Our ebbing sense of political community | HUDSON


Attending my Democratic caucus last week by ZOOM drove home how rapidly Colorado’s political parties are disintegrating as effective organizations. Unfortunately, there’s no identifiable culprit, or vast conspiracy, which can be held responsible for this dissolution. I have doubts this descent can or will be reversed. Having moved here from Maryland in 1972, I was intrigued by the precinct caucus system for selecting delegates to county assemblies and from there on to state conventions. Knowing I wouldn’t arrive in Denver until the end of October, it wasn’t possible to qualify for a ballot, so I cast an absentee vote before departing Maryland.
Therefore, it was with a sense of both anticipation and curiosity I knocked on the door of Joe Vinnola in the spring of 1974. Joe was a longstanding lieutenant to Mike Pomponio, Denver’s Democratic boss – not just in North Denver but for the entire city. He is credited with delivering the Colorado delegation to John Kennedy in 1960 over Texan Lyndon Johnson – an Italian Catholic allying with the Irish Catholic presidential candidate from Massachusetts. Pomponio later collected on this favor by lobbying the Kennedy administration to route I-70 through North Denver, placing an exit at Pecos Street where his DX gas station was located, and uprooting nearly 300 homes in the process; rather than looping the Interstate north along the I-270 alignment.
Pomponio had been unceremoniously dumped in 1972 as Democratic captain by a wave of young, anti-war McGovern campaign supporters who swept out many long-serving committeepersons and joined to send Pat Schroeder to Congress. I was oblivious to this history as I rang the Vinnola doorbell. Joe was among the handful of old-timers who managed to survive the McGovern purge. Like many of the tidy brick Tudors in the neighborhood, Joe had a sliding grate which he pushed open and greeted me with, “Yes, what do you want?” Identifying myself as a Democrat looking for my precinct caucus and providing my name, the grate shut, and I could hear murmured whispering inside. Apparently, they concluded there was no plausible reason to refuse me entry and I was admitted to a smoke-filled living room with perhaps 20 other caucus attendees.
It probably helped me gain admittance that I mentioned I was new to the neighborhood – not a party to the despised McGovern insurrection. Over the next few years, I became friends with Joe Vinnola, who worked as a starter at the dog track in Commerce City. Several years later, once I was elected to the Legislature, Joe marked my race card during a legislator’s evening at the track and told me to bet his tips. He picked 11 of 12 winners and sent me home with an extra $400. I don’t think the races were actually fixed, but Vinnola apparently had a keen sense for the swiftest greyhounds.
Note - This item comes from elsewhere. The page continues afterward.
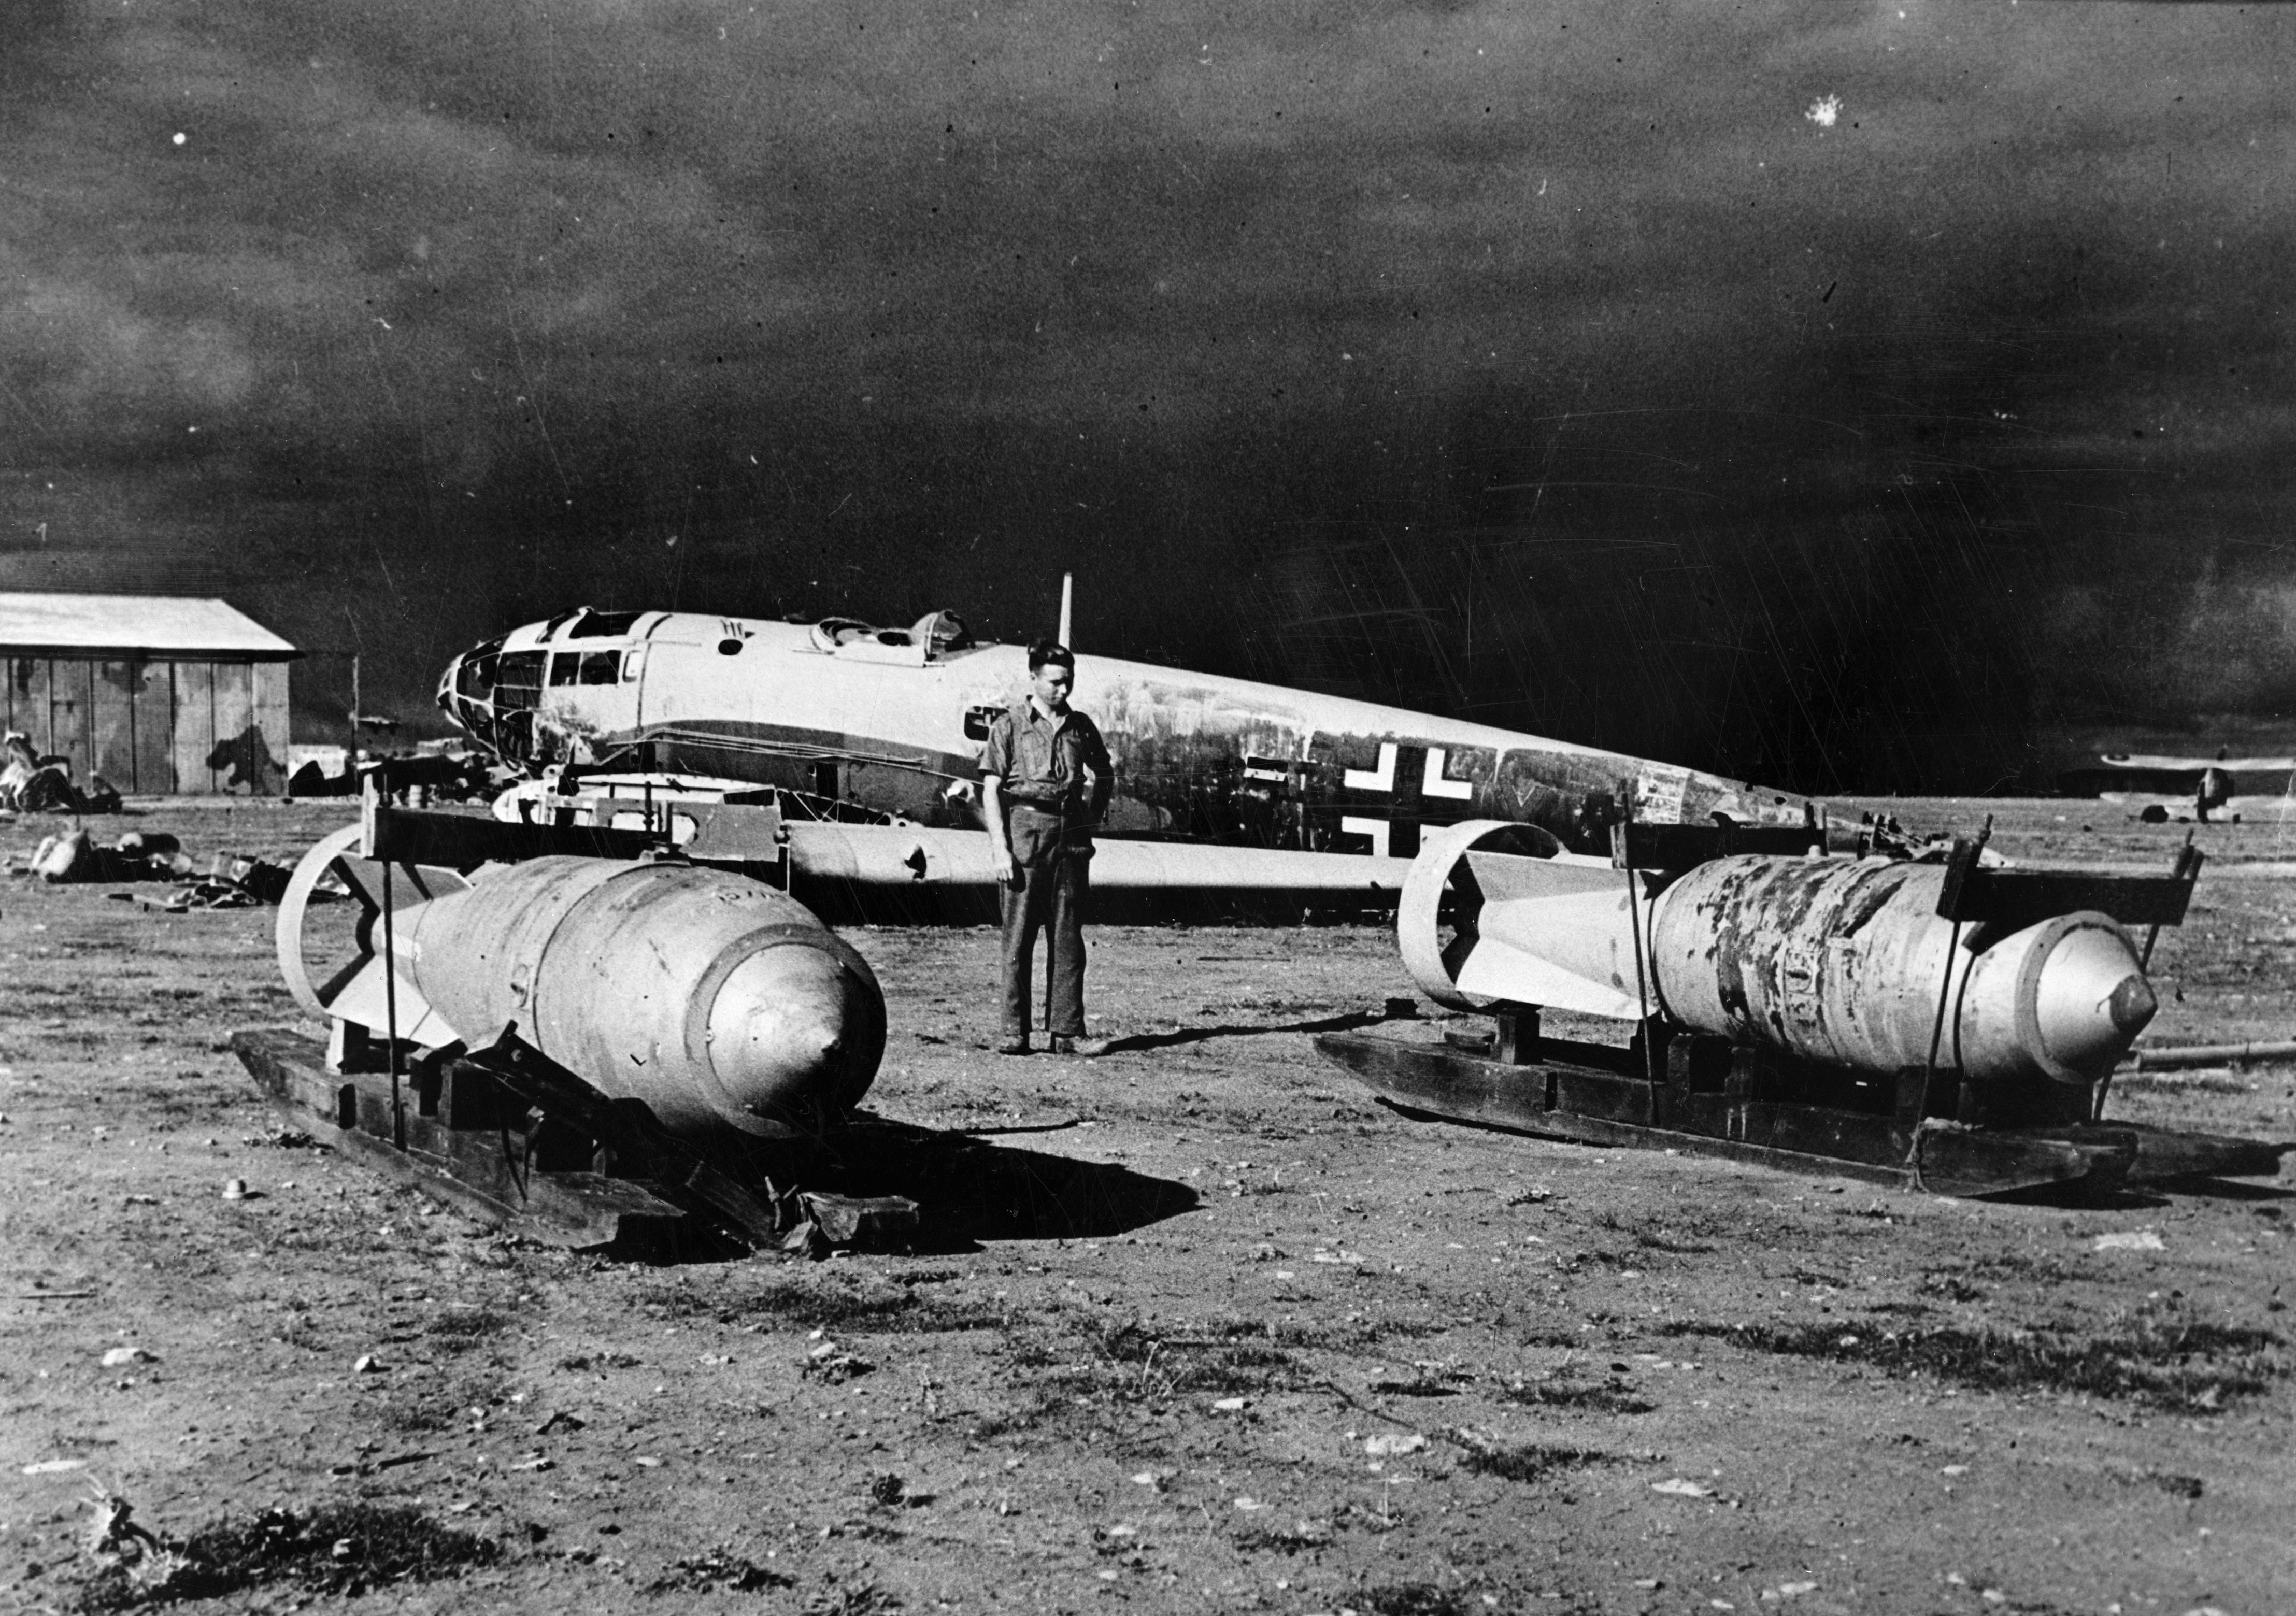 Abandoned German airfield, Benghazi 1943

Absentee ballots were rarely requested then, and you could expect to meet neighbors at your polling station. If you were politically involved, you soon knew who was doing similar work among Republicans. They served as election judges and would engage in humorous banter, “I see you got here in time to cancel my vote.” And, I would quip back, “It’s nasty work, but somebody has to do it.” Following the passage of the Americans with Disabilities Act (ADA), Democrats moved their caucuses from private homes to accessible public buildings – often local schools. This worked reasonably well, but participation fell off slightly.
Peak caucus attendance occurred with the Obama campaign in 2008. My precinct meeting at East High School drew 122 registered Democrats and another 30 unaffiliated voters – the latter shocked to learn they couldn’t be elected as delegates since they had failed to register as Democrats. One young woman wailed loudly, “But I love him so much.” We designated her as an alternate and advised she change her registration before the County Assembly.
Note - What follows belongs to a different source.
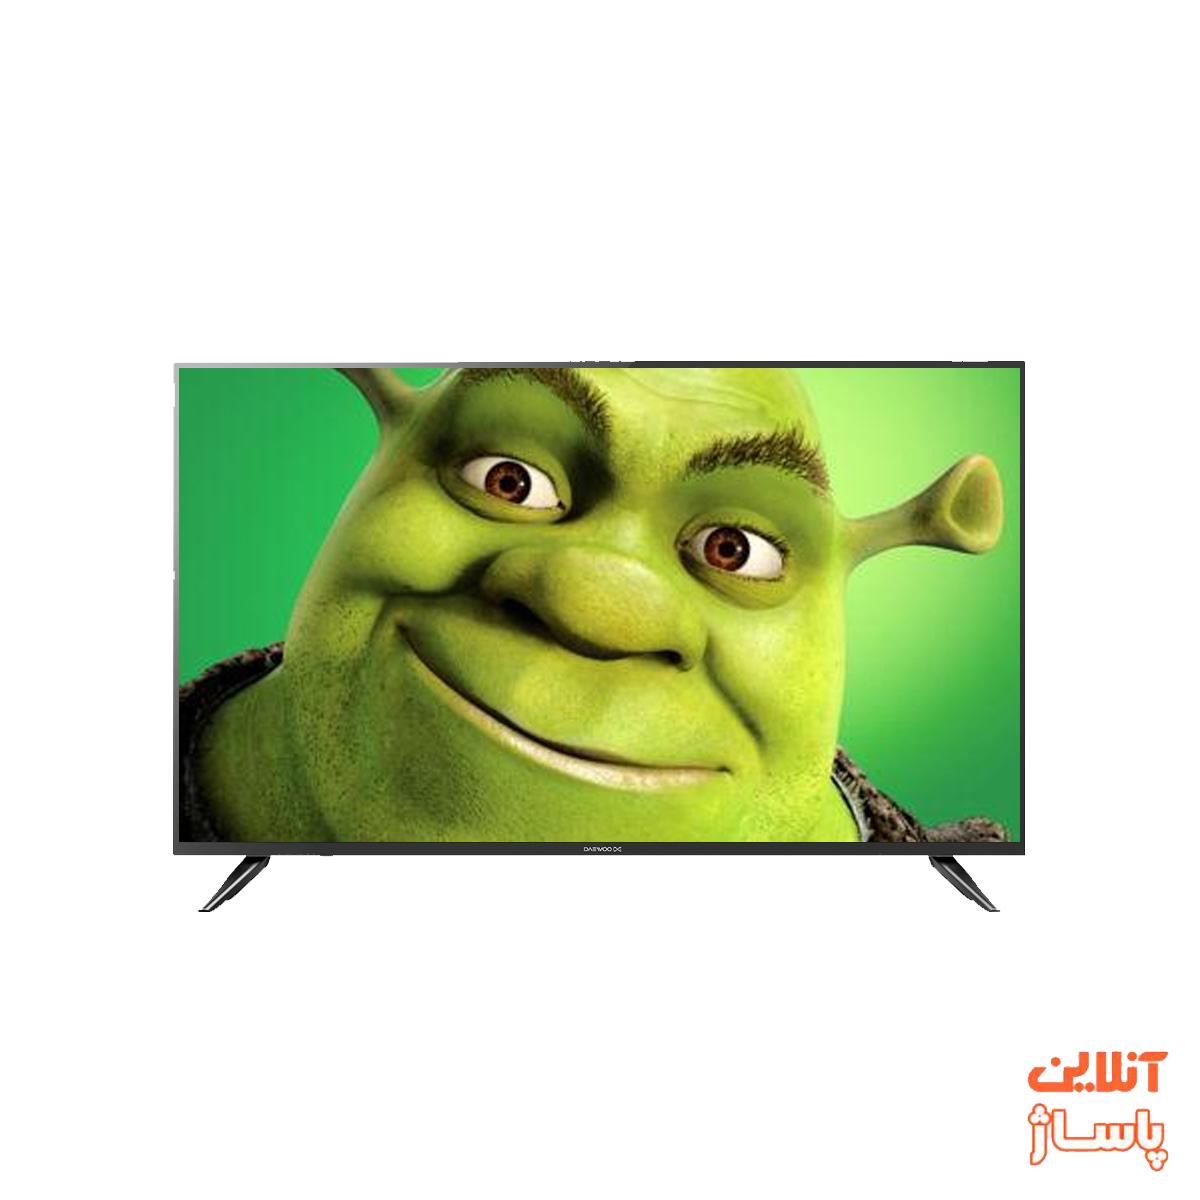 تلویزیون ال ای دی دوو مدل DLE-H1800U سایز 55 اینچ

Since then, Colorado has moved to all mail-in ballots, which undeniably boosts participation, and introduced open primaries, each of which is damaging to a feeling of voting as a community endeavor. The ZOOM caucus I attended in Arapahoe County last week attracted just 87 chatbox participants from 35 precincts in an entire legislative district. Our House District captain attempted to put a positive spin on the affair, noting how much more convenient it was for each of us to participate from the comfort of our own homes. The voting apps proved glitchy and problematic, delaying the proceedings. Unable to fill all the slots available at the county assembly, anyone who raised a virtual hand was certified as a delegate.
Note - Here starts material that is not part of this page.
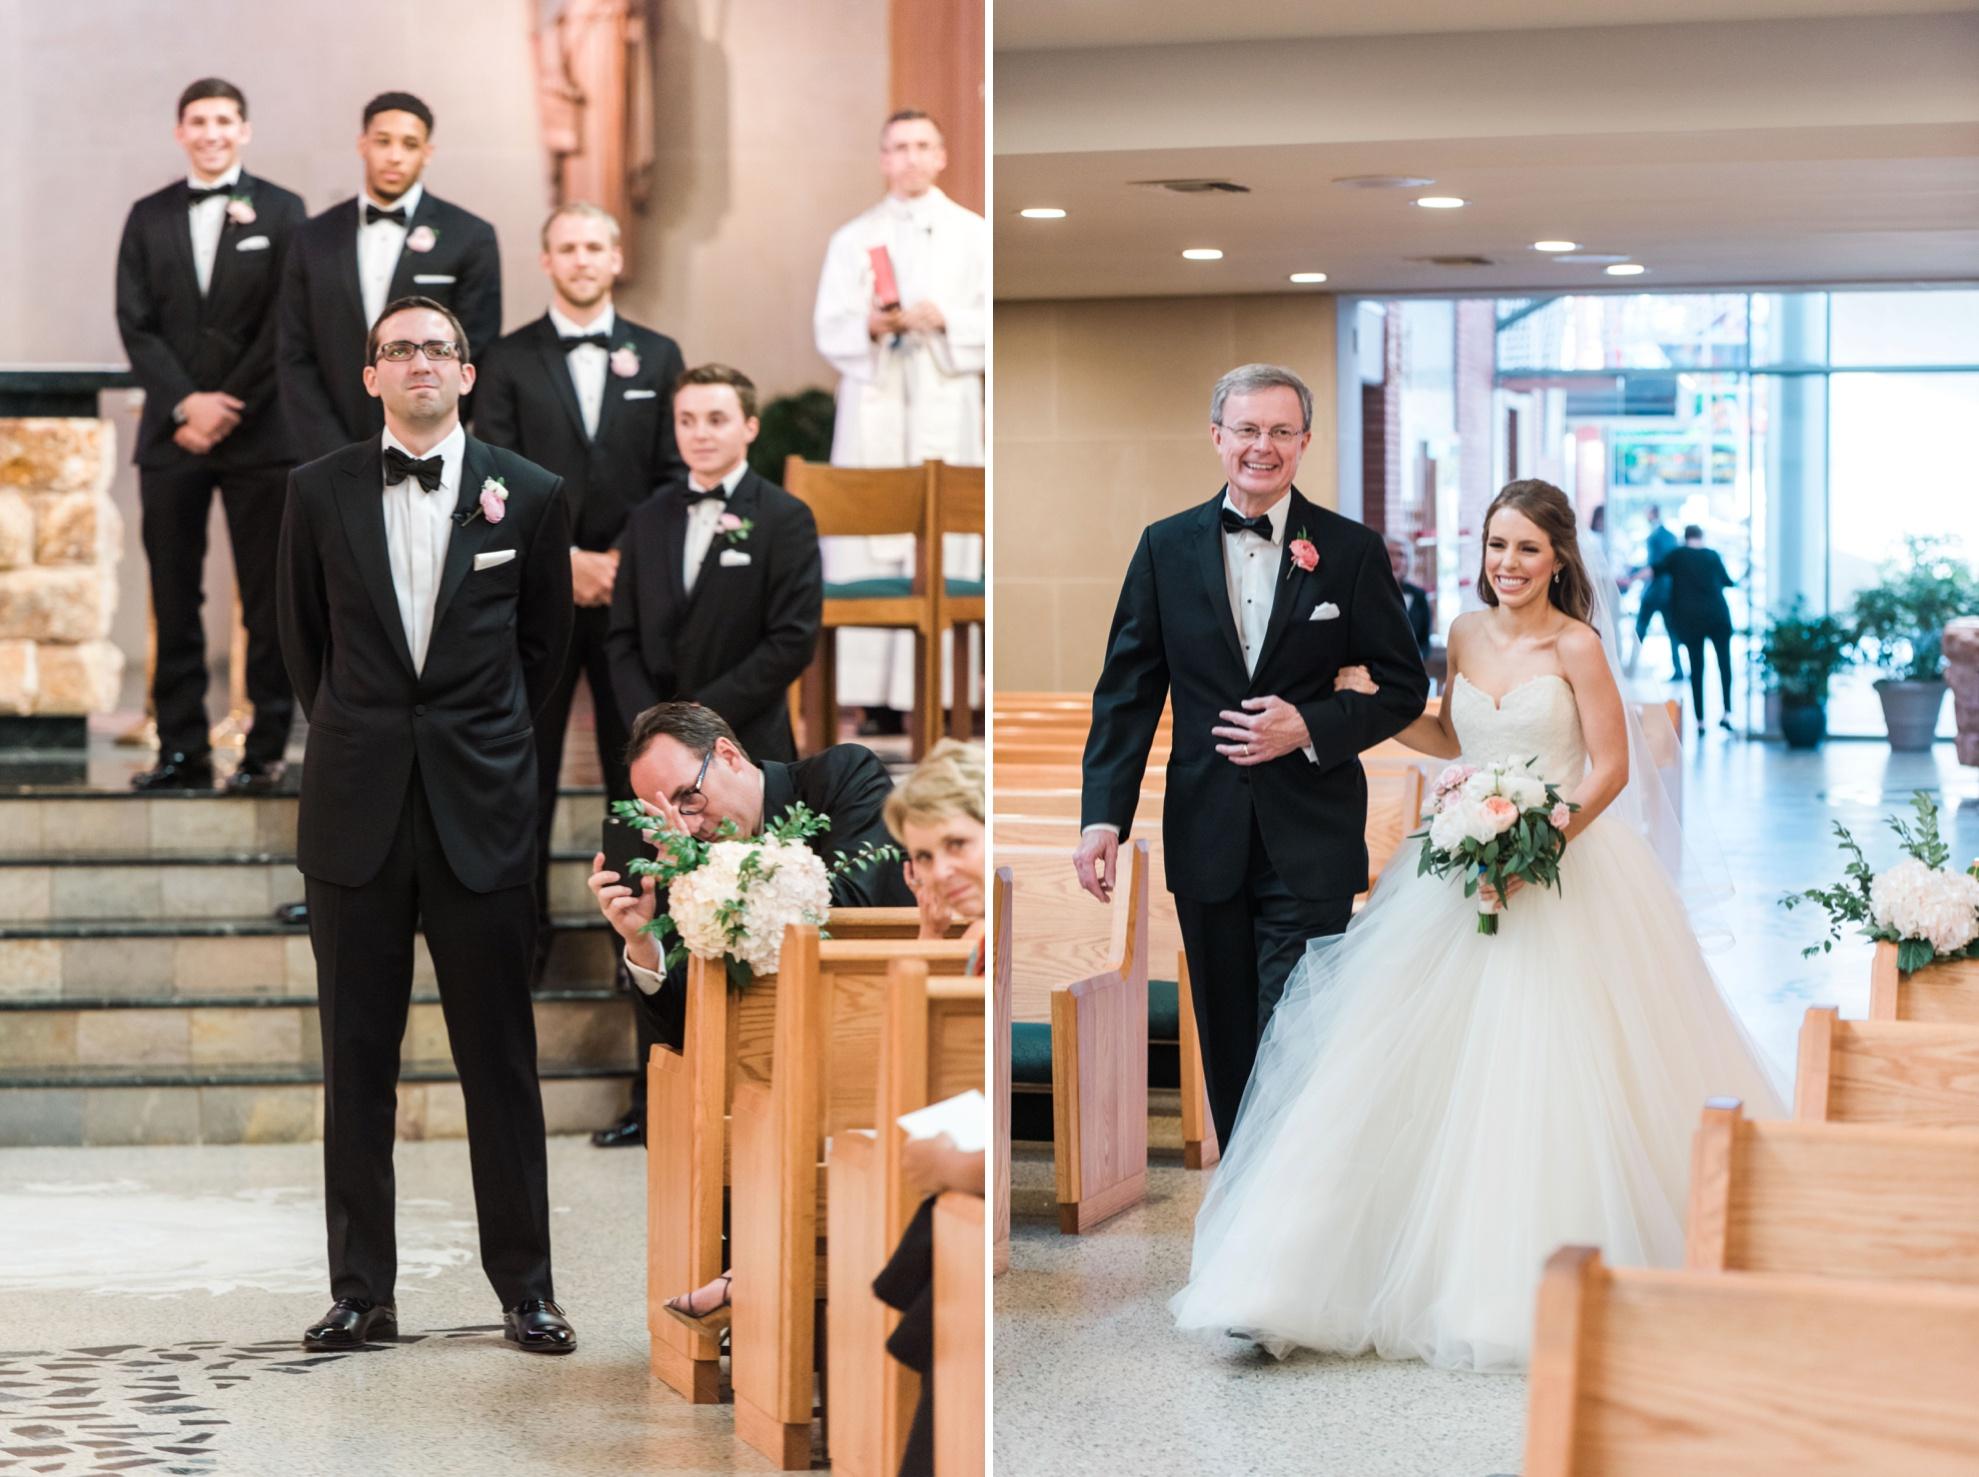 St.-Vincent-De-Paul-Catholic-Church-Wedding-Ceremony-Photographer-Dana-Fernandez-Photography-3.jpg

The county assembly at Hinckley High School drew perhaps 200 credentialed Democrats. A decade earlier, it would have been closer to 600. A similar delegate promotion existed for those expressing an interest in attending the state convention in April. This event will return to a ZOOM format. Admittedly, there are no statewide races this year, but lost is the opportunity to meet other Democrats from across the state. I will put off until next week a discussion of the ostensible “election reforms” which may appear on this November’s ballot. Read up on “jungle primaries” and “ranked-choice or instant run-off voting.” As you might suspect, there are pluses and minuses involved. While these innovations address some problems, they do little to build a sense of political solidarity fostered through a shared democratic experience.
Miller Hudson is a public affairs consultant and a former Colorado legislator.